**DATASET EXTRACT**.
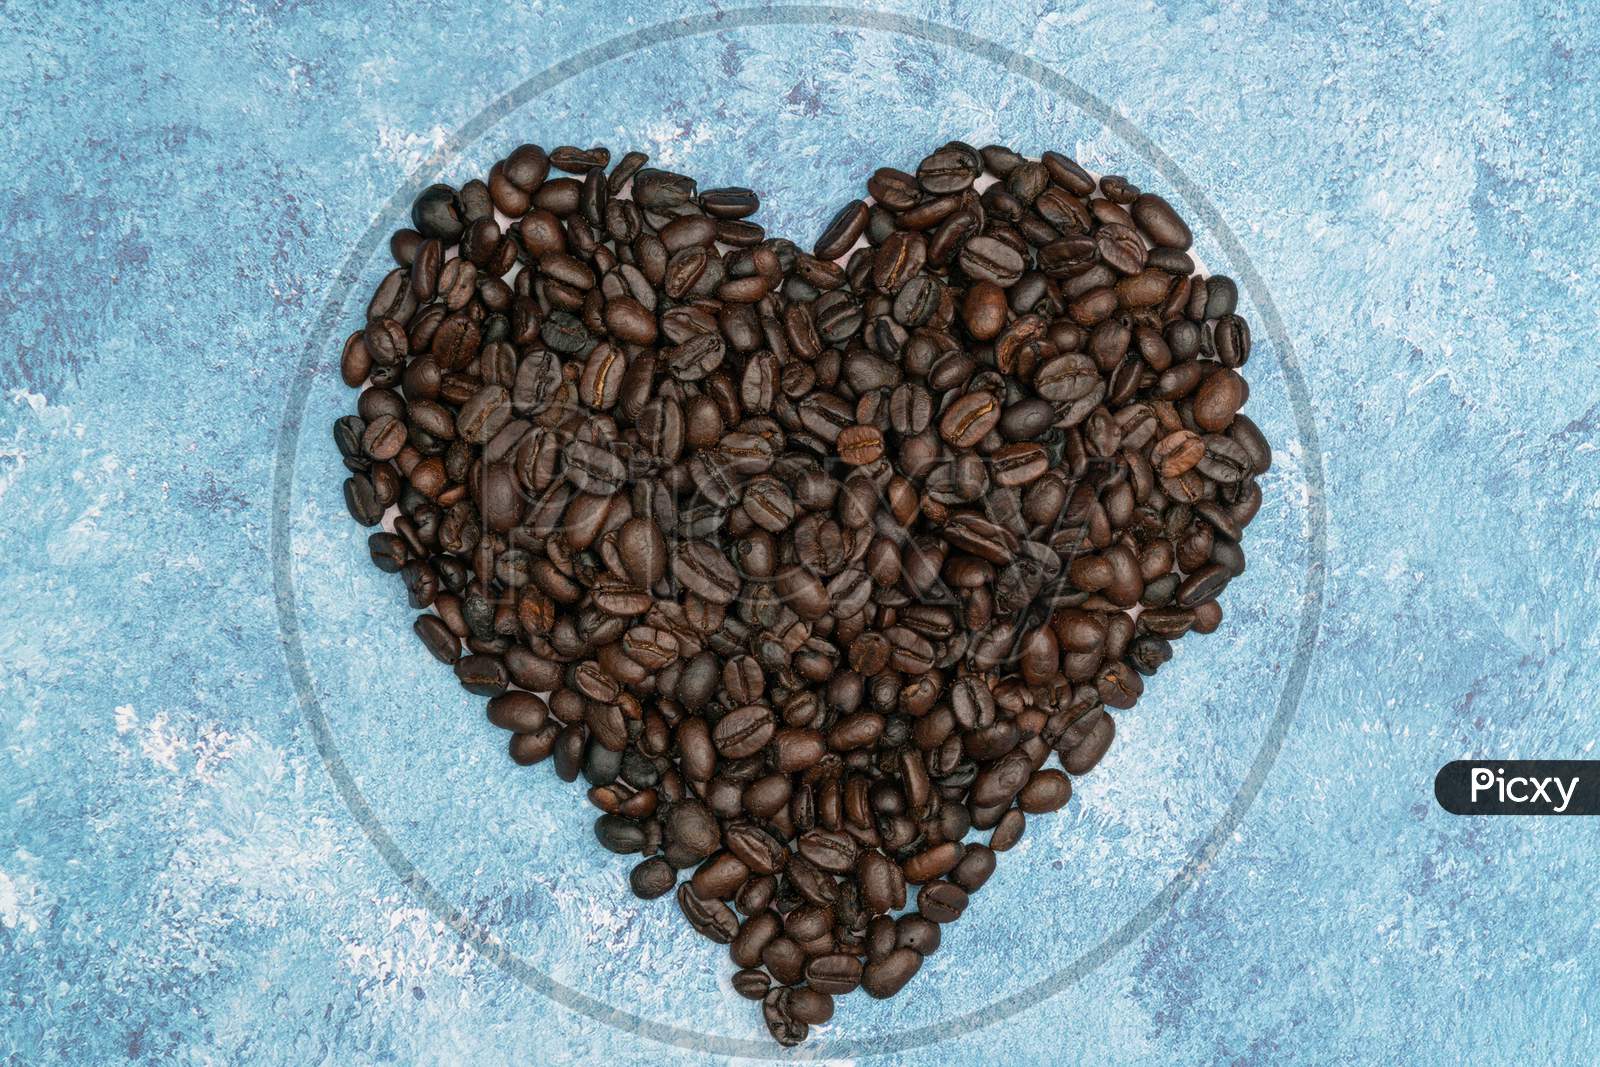 Roasted Coffee Beans, I Love Coffee, Heart With Roasted Coffee Beans.
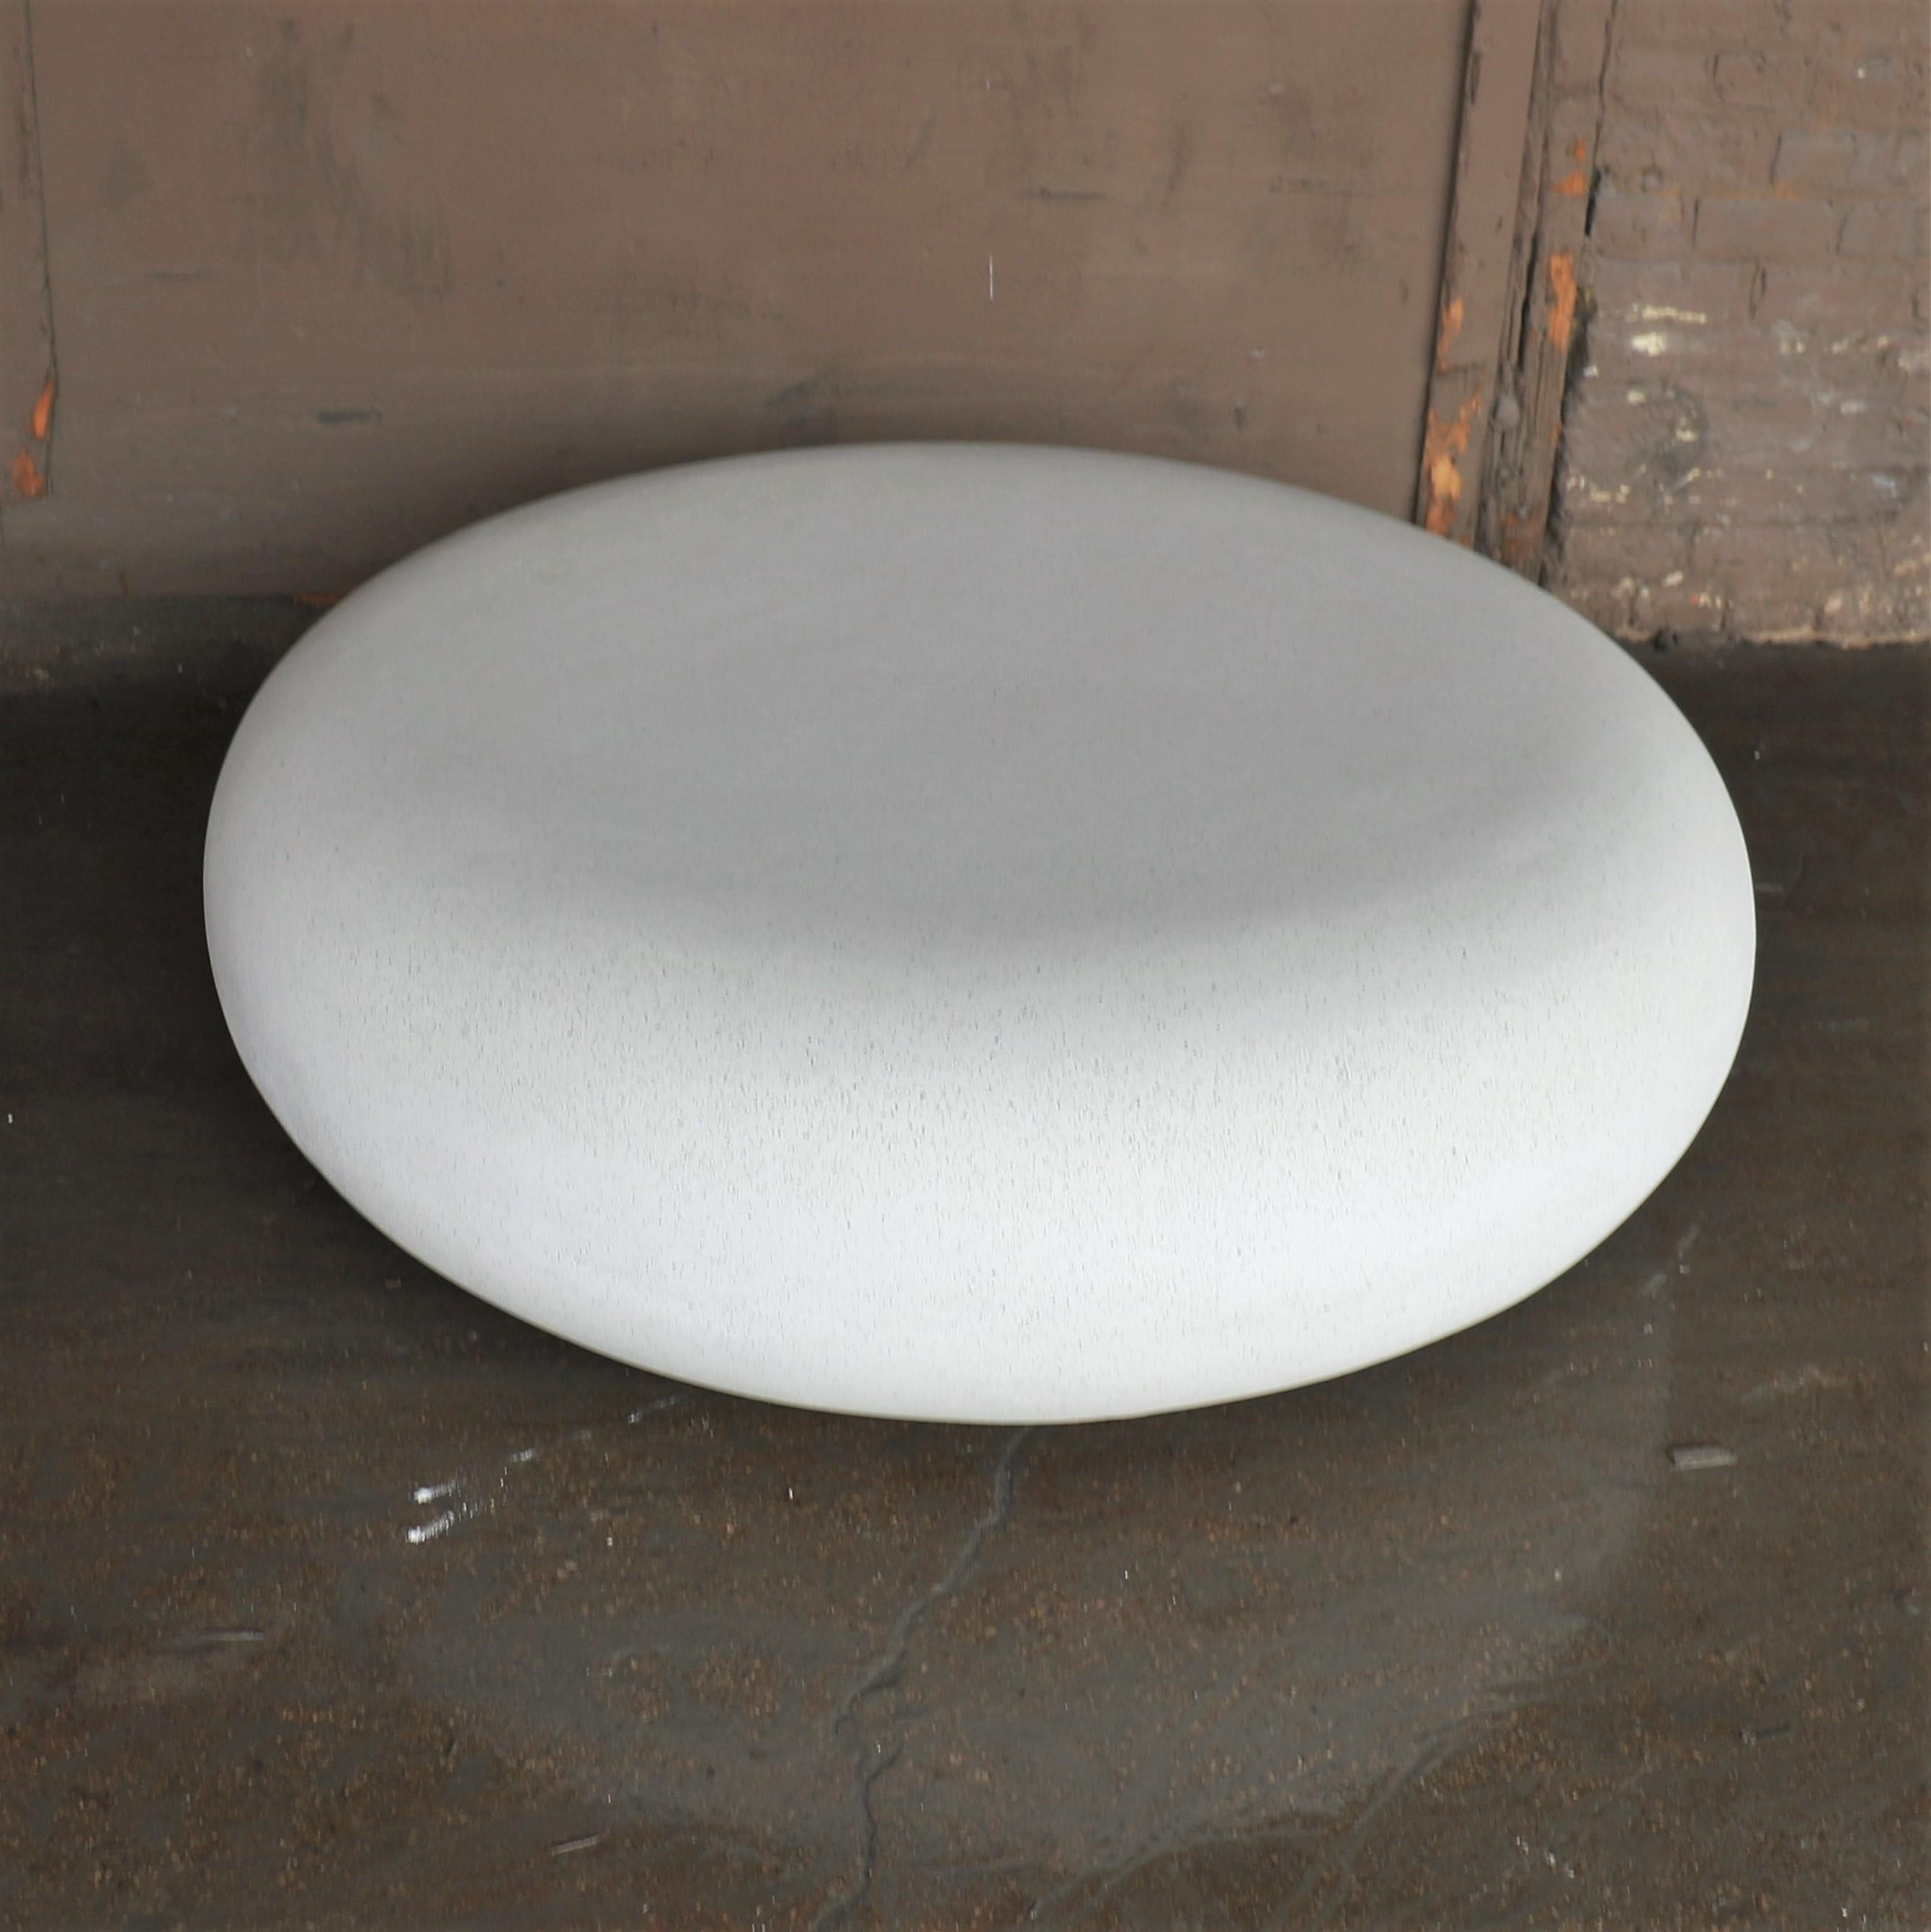 Like a stone from a stream, smoothed for millennia by the passing currents. The fluid potential of natural power emanates from its presence.

Dimensions: Diameter 48 in. (122 cm). Height 15 in. (38 cm). Weight 70 lbs. (32 kg).

Finish color

**INSTRUCTIONS TO FOLLOW**. Set down the whole listing word for word, omitting the pictures.

**COMPLETED TASK**.
 Roasted Coffee Beans, I Love Coffee, Heart With Roasted Coffee Beans.
 Like a stone from a stream, smoothed for millennia by the passing currents. The fluid potential of natural power emanates from its presence.

Dimensions: Diameter 48 in. (122 cm). Height 15 in. (38 cm). Weight 70 lbs. (32 kg).

Finish color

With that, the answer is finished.